In the summer of 2006, I chaired the Summit Roundtable that reviewed the critical elements of the Federal Government’s Way Forward initiative. Based on the input that was received through a series of meetings in which representatives from both the public and private sectors were in attendance, I drafted a procurement blueprint.

In an excerpt from that blueprint, a general consensus was reached in terms of the purchasing guidelines that define public sector practice. And I quote, “it is also generally agreed that government is not a corporation and therefore has different priorities and imperatives to meet when procuring goods and services. This acknowledgement takes into account socio-economic implications including the importance of developing key Canadian business sectors or industries. Examples of key sectors or industries include the SME/minority-owned business community, or Canadian-based manufacturing sectors such as shipbuilding where job creation and community financial stability are taken into consideration.”

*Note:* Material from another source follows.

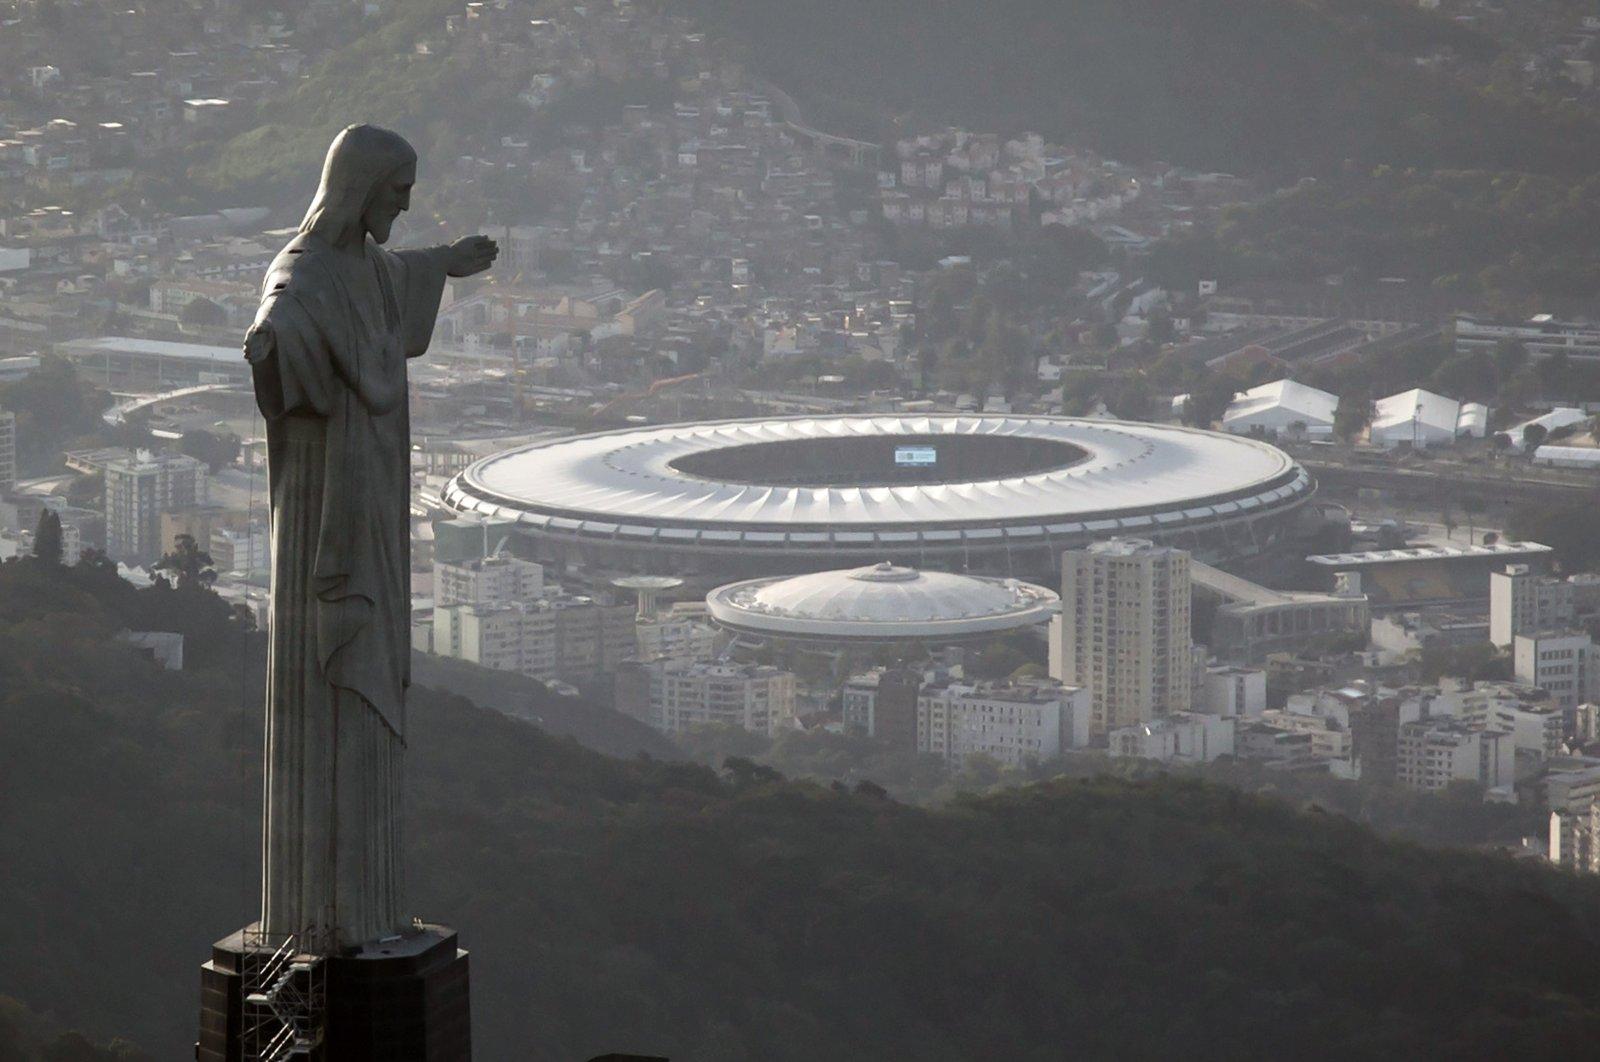 The Maracana stadium behind the Christ the Redeemer statue in Rio de Janeiro, Brazil, May 13, 2014. (AP Photo)

Dr. Utt’s 1995 article’s lack of understanding or recognition of this key tenet is where he misses the mark. It is also through the introduction of an ersatz private sector mandate on the part of the GoC that has created what some have referred to as a rudderless PWGSC ship.

Inefficiency is not an issue to be conquered!

Many within the public sector ranks point to the “media’s exploitation of past anecdotes of alleged incompetent buying,” such as the U.S. Department of Defense paying $436 for a hammer, that it is often behind the seemingly pervasive bureaucratic fear of ending up on the front page of the local newspaper. Some even perceive this to be one of the key drivers of public sector procurement policy.

Fanning this fire are contentions such as the one expressed by Utt that the reason for GSA inefficiencies and high costs is that it “suffers from fundamental flaws in its operation, from the contradictory nature of its tasks, to the monopoly it enjoys over services provided to federal agencies.” And while the General Accounting Office (GOA) was able to provide documented proof of these “flaws and excessive costs,” it only acts to highlight rather than address the problems. As an advocate of Jim Collins’ “autopsies without blame” (please read Good to Great) criticism without the provision of a viable alternative is ultimately counter-productive. And privatization or a privatization mentality is not a viable alternative.

Notwithstanding Ms. Blank’s “divide and conquer” reference in her 2004 presentation, inefficiencies within the bureaucratic process are not issues to be conquered. Instead, they need to be understood and addressed through a collaborative effort involving key stakeholders both within and external to the government itself.

Until this critical fact is recognized and acted upon within the framework of the guiding principles that define public sector procurement, the bureaucracy and the taxpayers that fund it will continue to “twist in the wind” of uncertainty and disillusionment.

When a shared services strategy makes sense?

As I have always maintained, the broad application of any strategy, regardless of how effective it is in one area of a procurement practice does not mean that it is scalable on an enterprise-wide basis.

One example is the January 2007 joint press release by the Office of Personnel Management (OPM) and the GSA. In the release both organizations announced that they had “established the technical specifications for private sector firms to be certified as private sector Human Resources Line of Business (HR LOB) Shared Services Centers.”

While I have not yet had the opportunity to review the new program in detail, the stakeholders claim that this move will “lower the operational cost of federal human resources offices.” The point I would like to make is that there are circumstances or areas of operation that may be very well suited to a “privatized” shared services platform.

However, determining the true viability of this or any strategy will continue to be an illusive quest as long as a collaborative (not combative) element is absent from the present initiative.